Across several of the surveys, young workers show a high desire for union
representation but a low level of membership. In part this is due to the kinds
of employers for whom they work and forms of employment they have. Youth
tend to be concentrated in small workplaces, often working part time, with
high turnover rates. Their attitudes toward work also tend to be weakly
formed, so their demand for unionism is volatile and subject to change through
experience. All these factors conspire to make them more difficult for unions
to organize and easy to lose. Nevertheless, these workers are more likely to be
vulnerable to exploitation by powerful employers. First contact with these
workers is very important in shaping subsequent attitudes to unionism.
Unions need to develop new models of organizing these workers, be it via
a sectoral focus on industries in which they predominate or focus on particular
employers. A key element of success will be in informing them on how to organize. Young workers tend not to know their rights or how to go about
forming a union. Some unions such as the United Food and Commercial
Workers in Canada have created a separate youth department in which they
deploy youth organizers, to organize workplaces from the inside and educate
youth about their rights.
There are new techniques available for reaching out to workers and new
forms of quasi-membership. The AFL-CIO's Working America has created a
coalition of community networks to promote social justice actions, as well as
unionization, using the Internet (Freeman 2005). Exploitation of technology
is critical for unions anywhere. In the United Kingdom, Unison has a site for
working students. Australian unions offer Workers Online, a news and information
source. Washtech, the loose affiliation of high-tech workers at Microsoft,
is an organization of workers separate from their places of work.
Through such quasi-memberships, unions can offer some workers access to
collective resources and services without collective bargaining. Eventually
though, unions will have to find ways to transition these people from virtual
to real members.
Much of the unmet demand for voice is in small organizations (e.g., Boxall,
Haynes, and Macky 2005, 7). Here it is most costly for unions to organize,
yet most important for members to be self-reliant because of the high
costs per unit of servicing. Formal structures such as works councils are least
appropriate, because small businesses are largely run on informal lines (Callus,
Kitay, and Sutcliffe 1992). Compared to others, small business workers
often prefer to deal directly with management, though this does not mean
intrinsic opposition to collective representation (Campolieti, Gomez, and
Gunderson 2005, Tables A3 and A4). Unions need different approaches.

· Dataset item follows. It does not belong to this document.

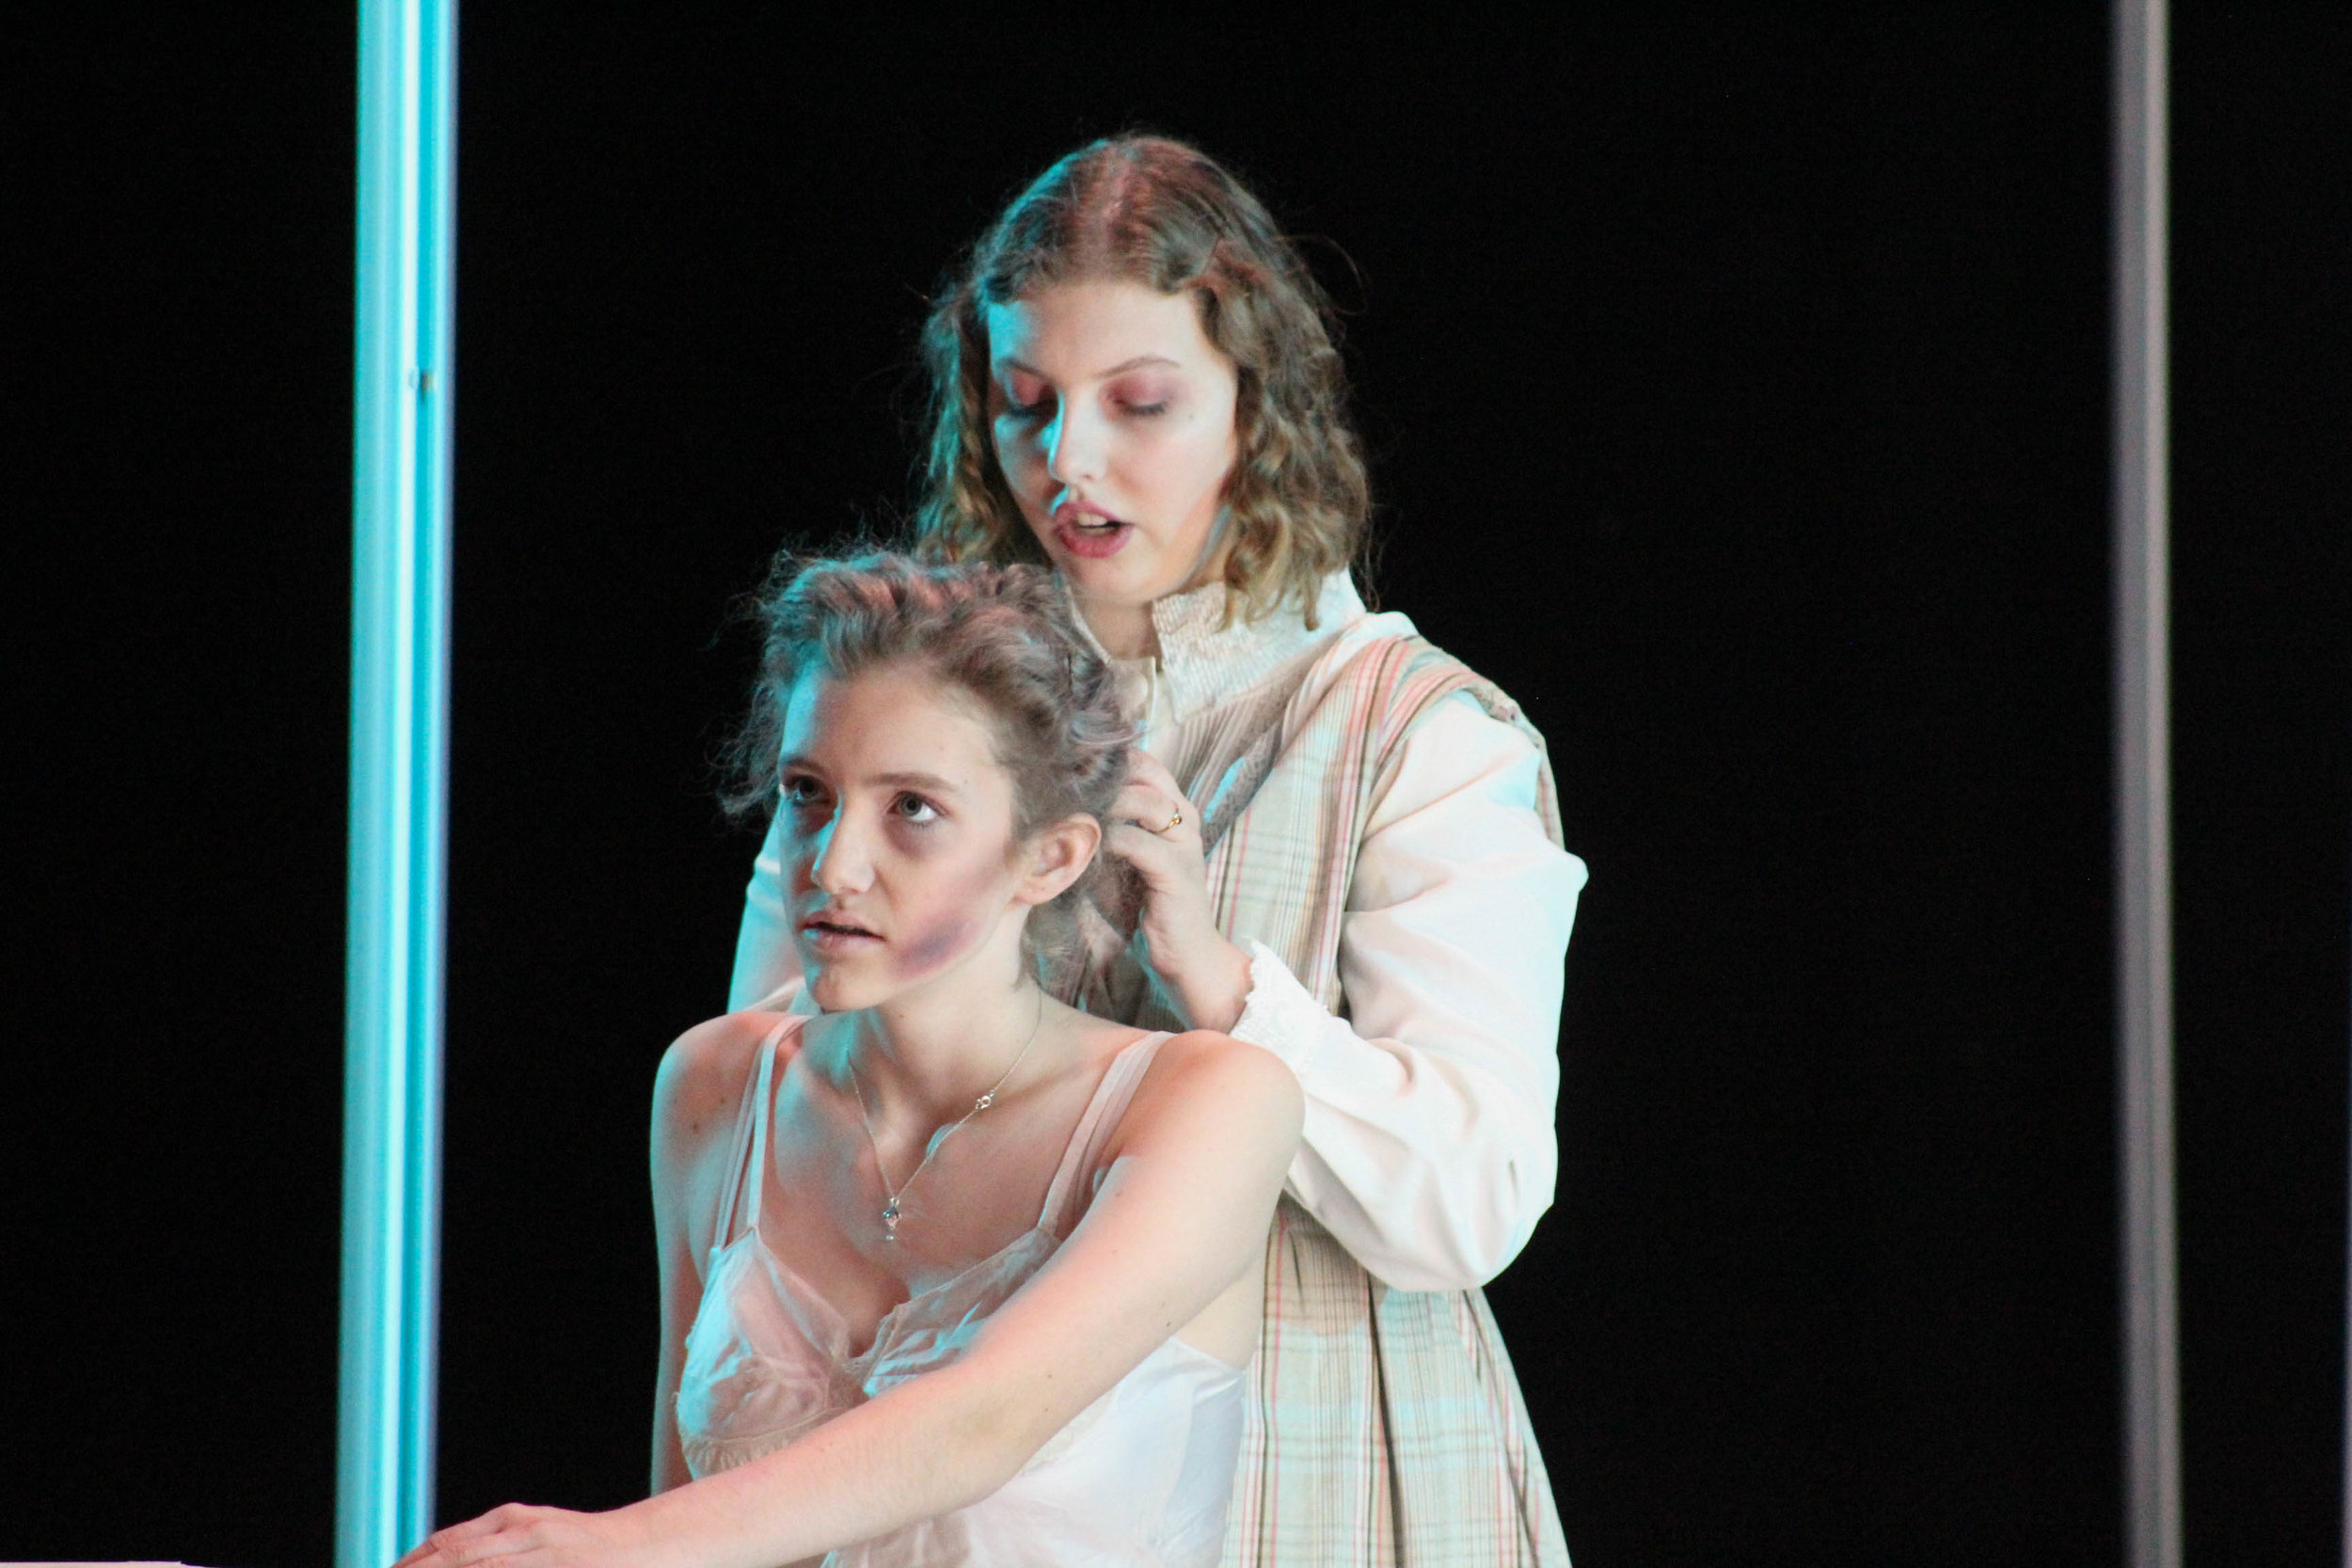 Skye McDonaldVee Ashmun and Lilly Grey onstage in a moving scene as Ashmun’s character, Grace Fryer, is dying from radium poisoning.

Means of developing networks across organizations, including through use of
new technology, and providing education and training to enable small business
workers to effectively stand up for themselves, are issues to consider.
Cooperation and consolidation
Once unions have successfully organized a workplace, they must establish
an ongoing negotiated relationship with the employer, with greater levels
of cooperation emerging, though conflict will not disappear. It is essential
that unions bed down the relationship so they can move on (Crosby 2005). A
union cannot afford perpetual conflict. A large proportion of surveyed workers
indicated their desire for some form of "cooperation" between workers
and management. Although comparisons over time are not part of the study,
in the Australian case there is some evidence that the focus on cooperation
increased over thirteen years. A 1991 survey of employees in thirty-six Australian workplaces found 55 percent of union members agreed that unions
"really tried to cooperate" with management (data from study originally published
in Peetz 1996). The 2004 Australian telephone survey had a figure of
70 percent for the same question (Teicher et al. 2005). Increases were also
recorded in the proportions saying that management tried to cooperate with
unions, that unions should cooperate more with management, and that management
should cooperate more with unions. Although there are differences
in survey sample and method, higher reporting rates may have been driven
by the greater focus on "cooperation" and efficiency coming from changed
economic and institutional circumstances in the 1980s.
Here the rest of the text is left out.